Точно миллионы пчел, ос и шмелей наполнили воздух зрительного зала - до того
сильно и ядовито было шипенье..."
Перечитывая теперь эти театральные злыдни, прямо глазам не веришь! Чего
тут только нет! "Птичья пьеса", "нелепица в лицах", "кляуза на живых людей",
"экземпляр для театральной кунсткамеры" и т.д.

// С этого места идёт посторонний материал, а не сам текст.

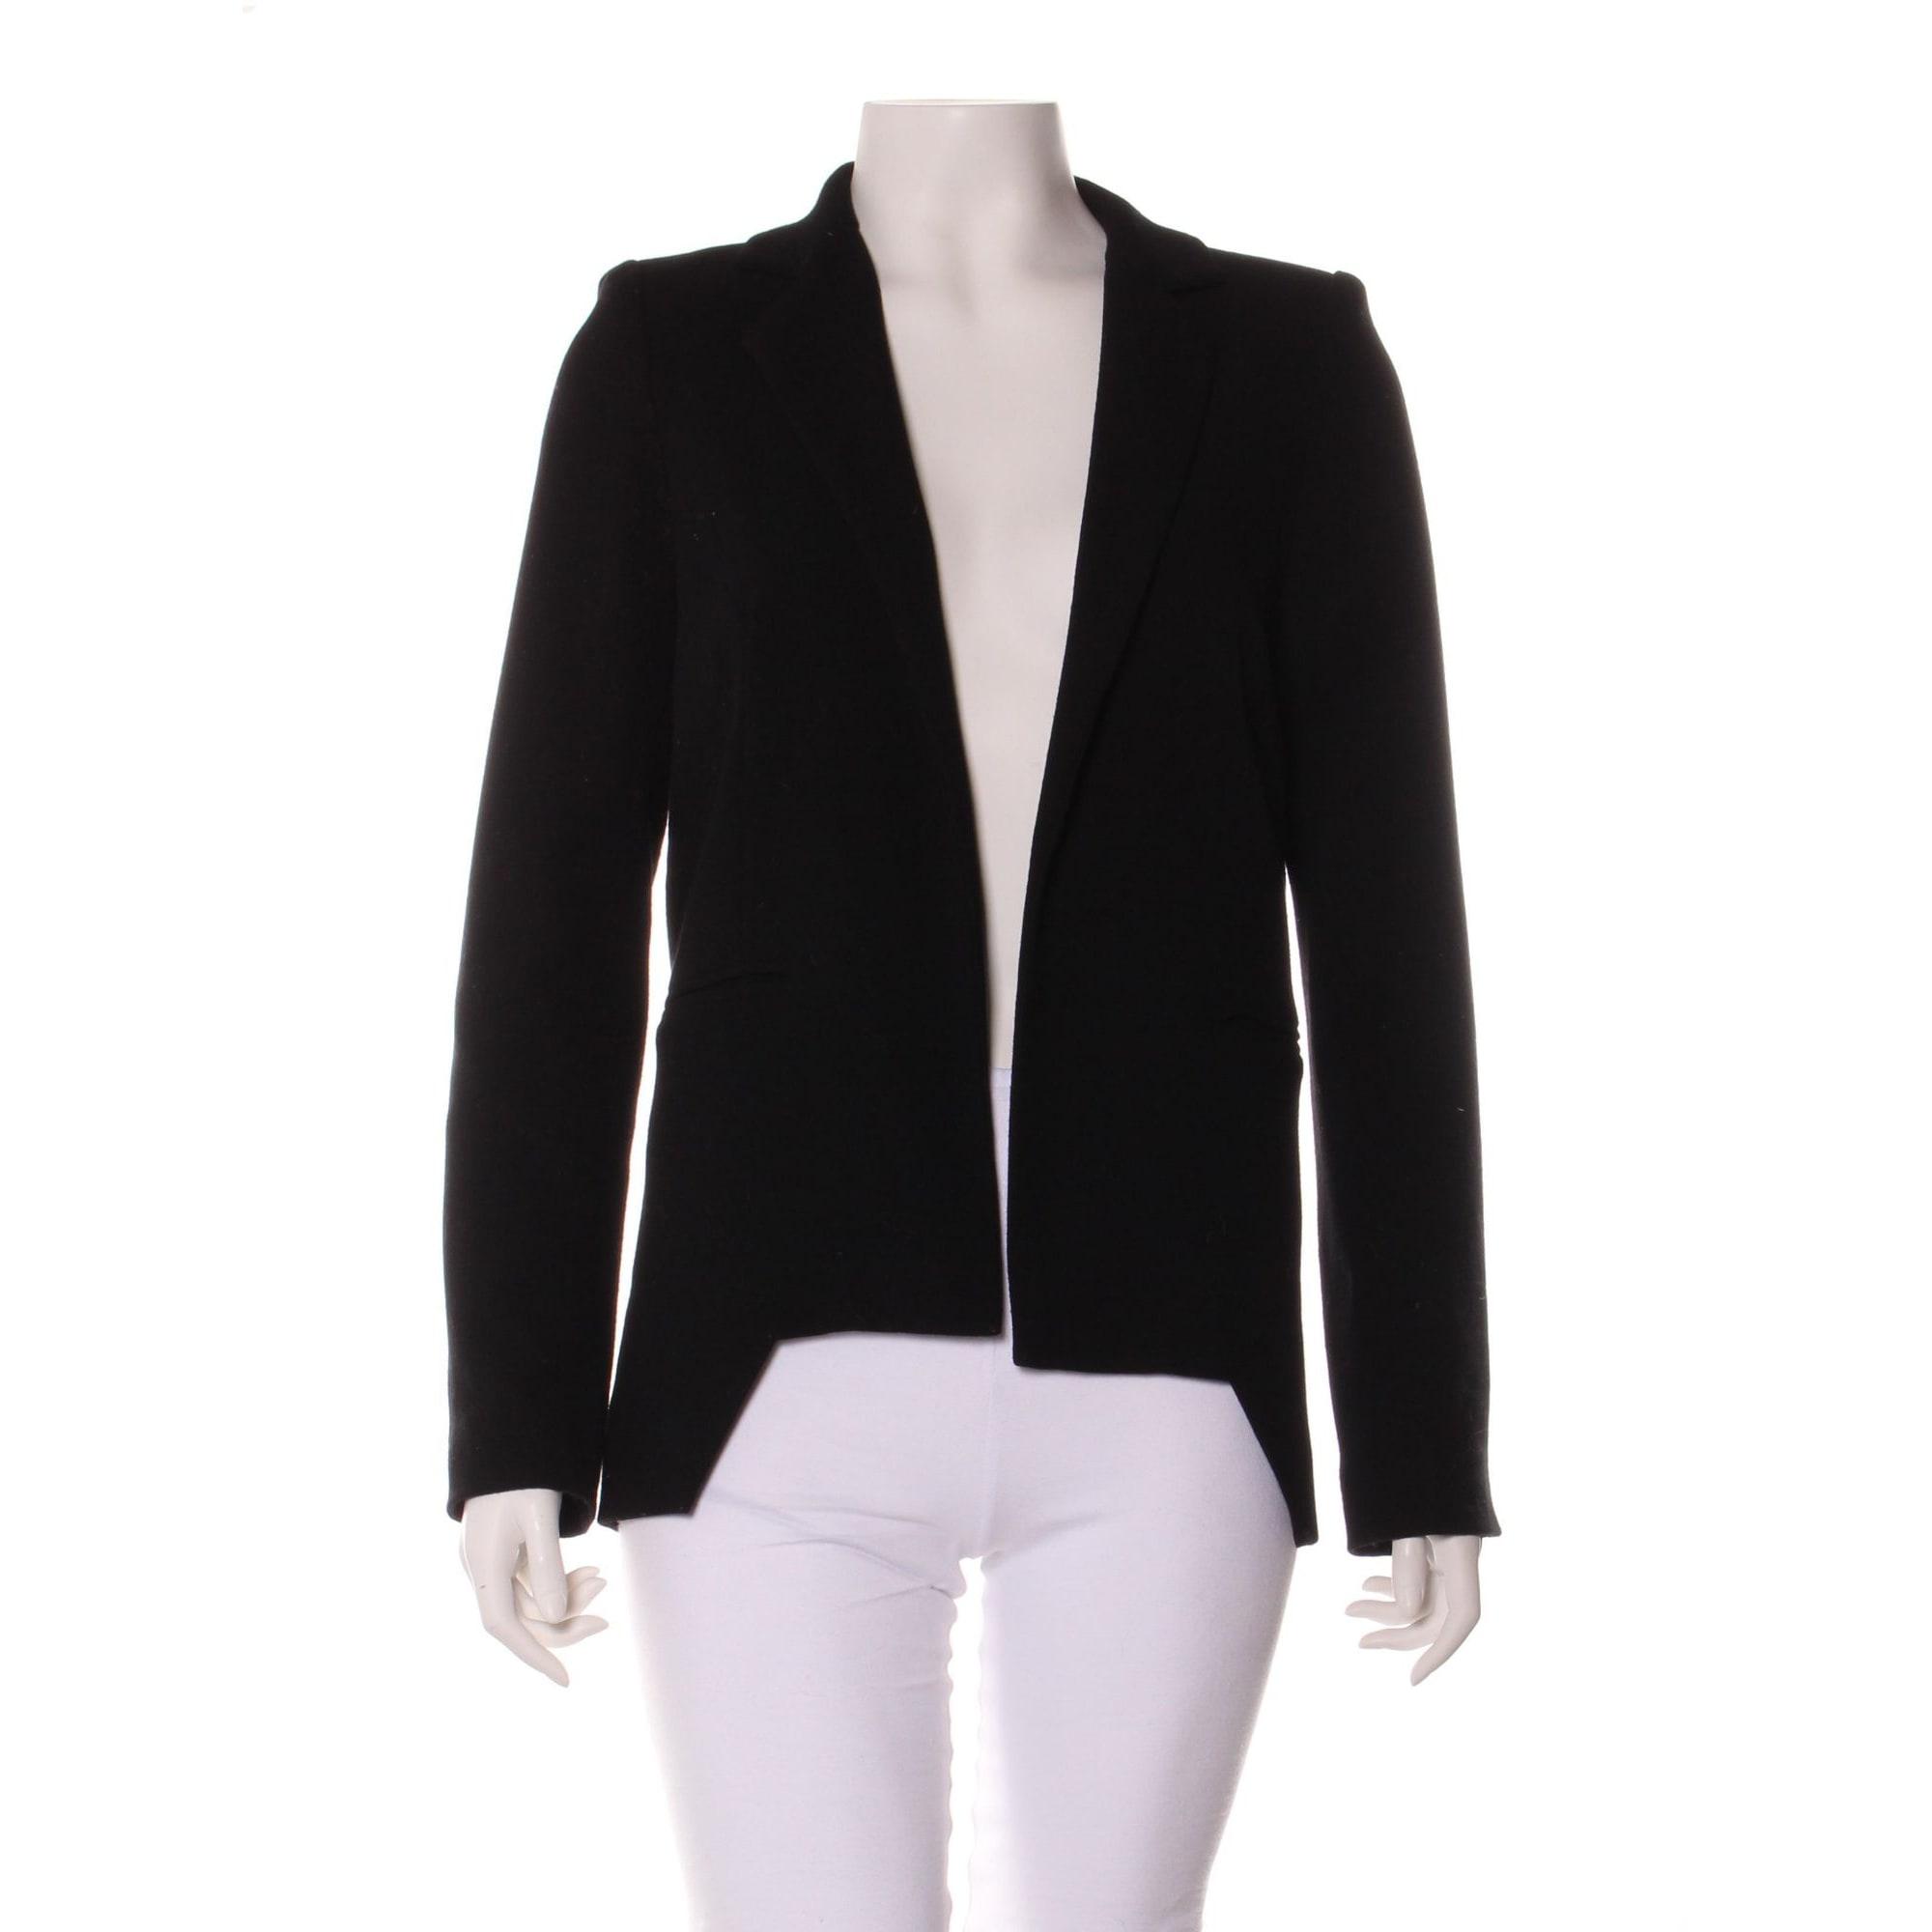 Blazer, veste tailleur BEL AIR Noir

"Присутствовал весь литературный мир", - оповещалось в газетах. Но это
очень громко звучит в печати, а на деле представляет какой-нибудь десяток
добрых литературных имен. Прибавьте сюда дюжину чутких восторженных
поклонниц Чехова... вот и все!.. Это капля в широком \66\ море бенефисной
публики, той особенной петербургской бенефисной публики, которая, заплатив
тройную плату за места, ищет на сцене вовсе не литературы, а любимой
актрисы, в ослепительных бенефисных туалетах и раздражительно любопытного
зрелища - зрелища и зрелища прежде всего!..

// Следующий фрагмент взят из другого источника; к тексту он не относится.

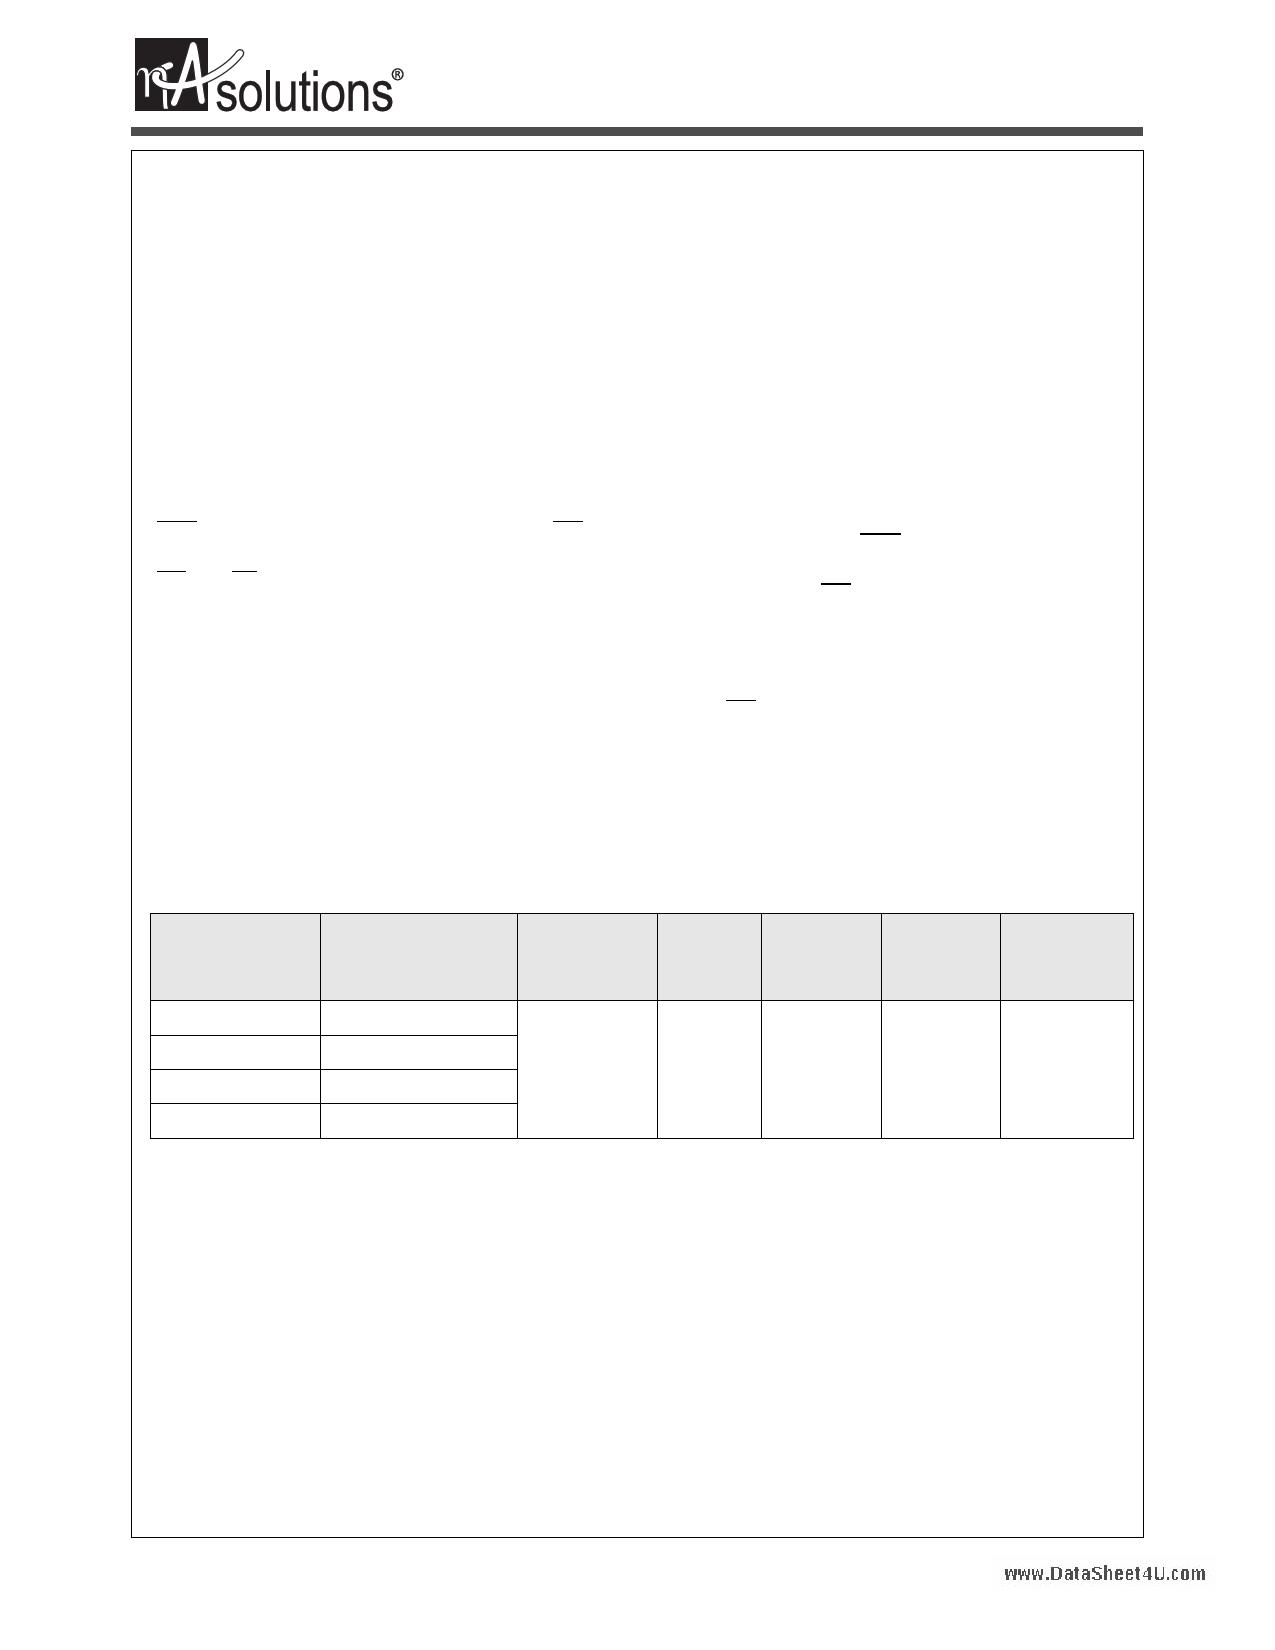 N02L163WC2A datasheet

А ее, не угодно ли, угощают пьесой, написанной дерзко наперекор
театральной рутине, да еще, вдобавок, исполненной в том тусклом банальном
тоне, в каком актеры-любители разыгрывают всякие переделки. И г-жа
рутина-публика точно вдруг помешалась от разочарования и с капризной
придирчивостью вину актеров всецело перенесла на автора... Бедному автору
ставилось решительно все в вину, самые простые мелочи!..
На сцене в первом акте, после захода солнца, темнеет.

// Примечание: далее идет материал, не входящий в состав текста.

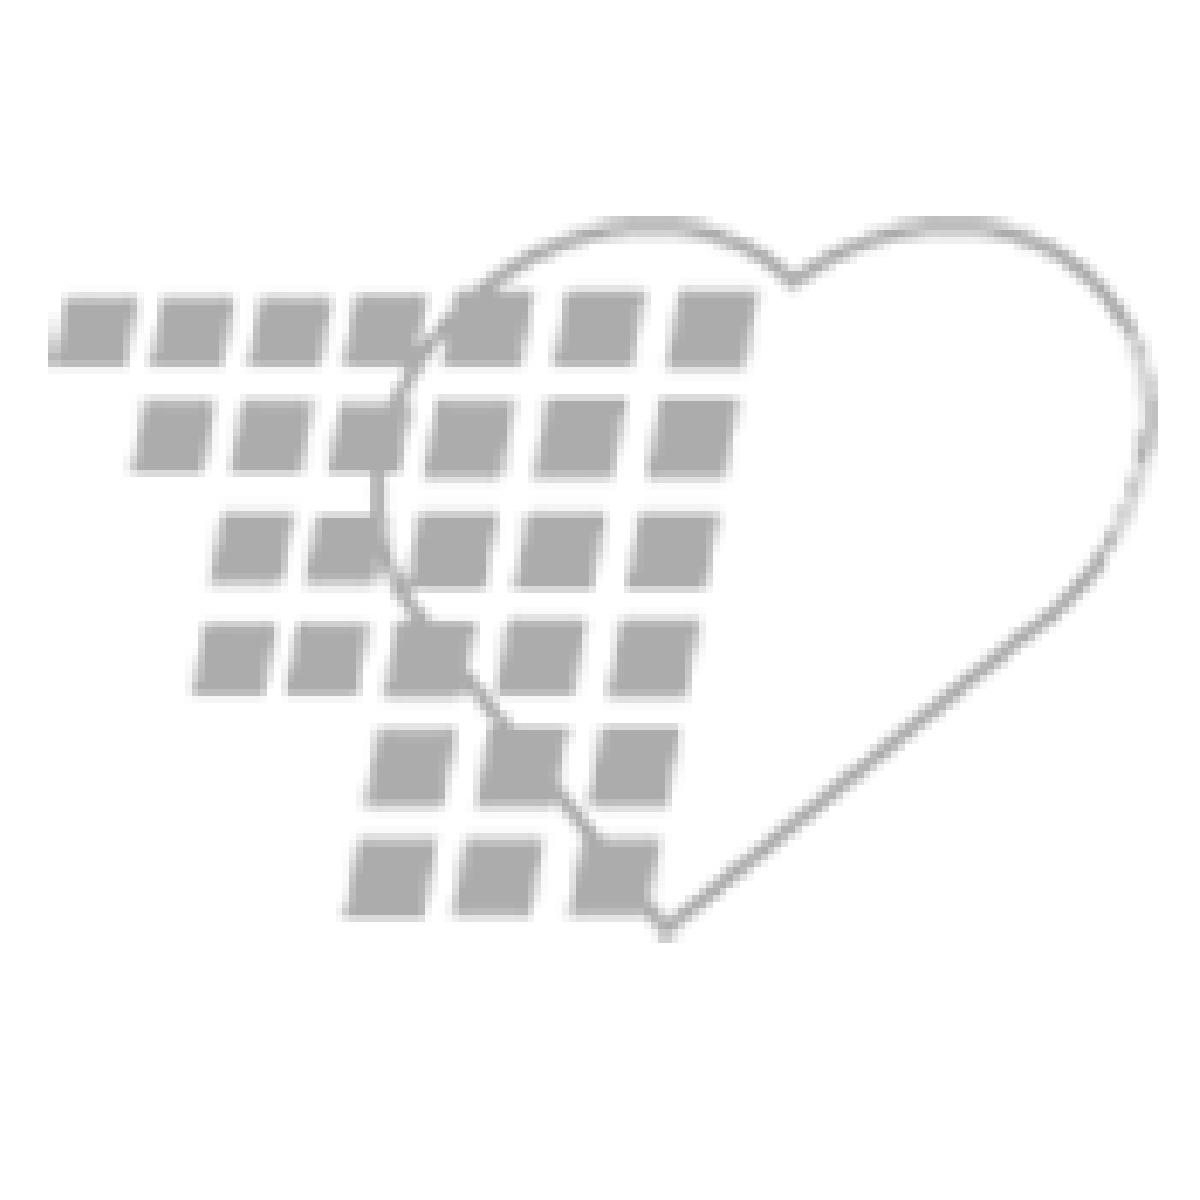 06-93-3884 - EpiPen Trainer

- Почему это вдруг стало темно? Как это нелепо! - слышу чей-то голос
позади моего кресла.
Во втором акте Треплев (Аполлонский) кладет у ног Нины Заречной
(Комиссаржевская) убитую чайку. Рядом со мной опять кто-то ворчит:
- Отчего это Аполлонский все носится с какой-то дохлой уткой? Экая
дичь, в самом деле!..
В антракте (между вторым и третьим действием) сталкиваюсь в проходе
между креслами с одним превосходительным членом театральной дирекции.
- Помилуйте, - говорю я ему, - разве можно такие тонкие пьесы играть
так возмутительно неряшливо?
Театральный генерал презрительно фыркает.
- Так, по-вашему, это "пьеса"? Поздравляю! А по-моему, это - форменная
чепуха!
Прохожу в буфет и встречаю там знакомого полковника, большого театрала.
Вот, думаю, с кем отведу душу...
- Ну, и отличился же сегодня Сазонов! - негодую я: - Вместо литератора
Тригорина играет доброй памяти Андрюшу Белугина?..{27}
Но миролюбивый полковник раздраженно на меня набрасывается:
- Да-с, и надо в ножки ему поклониться, что еще "играет"! Удивляюсь на
дирекцию - как можно ставить на сцену такую галиматью!..
Возвращаюсь в партер, удрученный до последней степени.
В третьем акте, во время глубоко трогательной сцены между Аркадиной и
Треплевым, в бенефисной публике, бог \67\ весть с чего, вызывает веселое
настроение белая повязка, похожая на чалму, которую мать накладывает на
голову раненого сына (в последнем издании "Чайки" Чехов сделал очень тонкую
поправку в этом месте){28}.
Следующая за ней сцена между Аркадиной и ее сожителем - литератором
Тригориным - прямо великолепна по реализму и оригинальности замысла. Но
сцена разыграна была Сазоновым и Дюжиковой грубо и банально, и момент, когда
Аркадина падает на колени перед Тригориным, показался большинству смешным и
неестественным.
А сцена последней встречи Треплева с Ниной Заречной в четвертом акте?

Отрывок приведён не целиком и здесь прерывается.